BioinformaticsFMRP / TCGAbiolinks

TCGAbiolinks
http://bioconductor.org/packages/devel/bioc/vignettes/TCGAbiolinks/inst/doc/index.html
291 stars 111 forks source link

GDCprepare gene models for RNA-seq data #91

Open mattiasaine opened 7 years ago

mattiasaine commented 7 years ago

I have been looking into using the RNA-seq data but have some questions on the gene annotations for the V2-RNA-seq data that I get from running your GDC-prepare-function.

How do the 21022 genes that one obtains expression for via your GDCprepare-function map to the gene models in the original TCGA-gaf available here? It seems the coordinates for each gene given by your package have not been obtained from the GAF as they simply do not match the start:end coordinates for many if not most genes.

Using the "TCGA.hg19.June2011.gaf" there are 20806 unique gene identifiers of the form symbol|entrez. Your data however returns expression for 21022 genes mapping to 19947 unique symbol|entrez combos. Every row can obtain a unique identifier by adding the ENSG-id as well so I guess that is how you arrive at 21022 but I downloaded some TCGA data via the ftp before they shut it down and then the "rsem.genes.results"-file had 20531 data rows and the symbol|entrez combos were unique for each row. How can your pipeline generate data for more genes than the original GAF had models for?

Opening one of the downloaded files manually instead of running the GDCprepare I can see that the "rsem.genes.results"-file is still 20531 entries long but somehow your pipeline has extended this in some unexplained way. Does the GDC-prepare function duplicate some data or does it aggregate estimates across genes depending on how the tx-id's map to your (presumably updated) ensembl gene models?

I really love the package for downloading and processing the data but if it does too much weird stuff under the hood it might cause reproducibility issues compared to getting the data from other avenues.

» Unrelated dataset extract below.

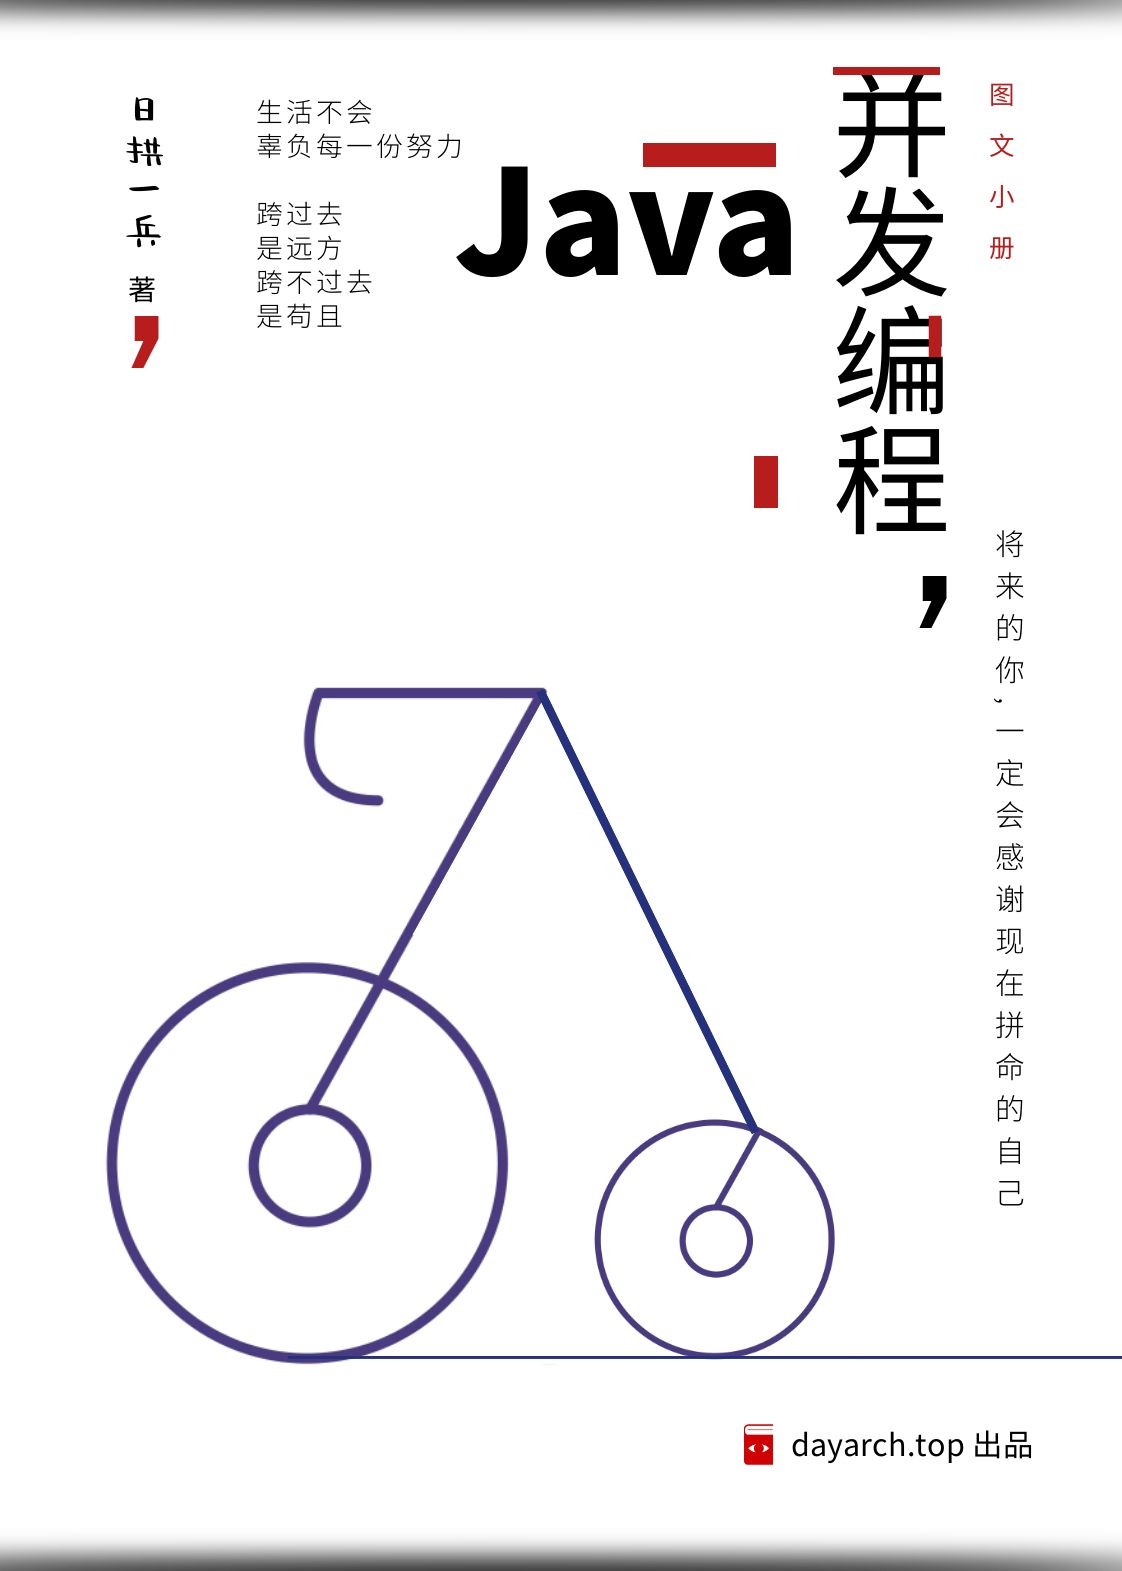 Java 并发编程小册整理好了 - 文章图片

Why did you not simply use the gene models from the GAF and could this be added as an option for 100% reverse-compatibility with other ways of getting the data as well as prior publications?

tiagochst commented 7 years ago

Hello,

If I'm not wrong you are talking about this file: TCGA.hg19.June2011.gaf. The hg19 from June 2011 is the GRCh37.p3 (see pictures below from ensemble database).

screen shot 2017-05-17 at 8 57 14 am screen shot 2017-05-17 at 8 56 59 am

The genome of reference had some fixes over the time and we decided to use the last version available to prepare the SummarizedExperiment. For legacy data (data aligned to hg19) TCGAbiolinks is using GRCh37.p13 and for harmonized data (data aligned to hg38) now it is using GRCh38.p7.

I believe that using an old version that has been fixed over the time is not correct. That's why we prefered to use the last version available. Also, it is very important that in a publication the genome of reference used in the analysis are highlighted by the authors for reproducibility.

In terms of our code, if you set in GDCprepare function the argument summarizedExperiment to FALSE you will get a flat table without any annotation or mapping. Then the user can map on its own way.

Finnaly, You are right about the numbers (code below). The problem is simple, we used entrez gene id to map (for this case "ABCD4|5826" we select 5826 to annotate), but they might be mapped to multiple ENSG-id as showed below.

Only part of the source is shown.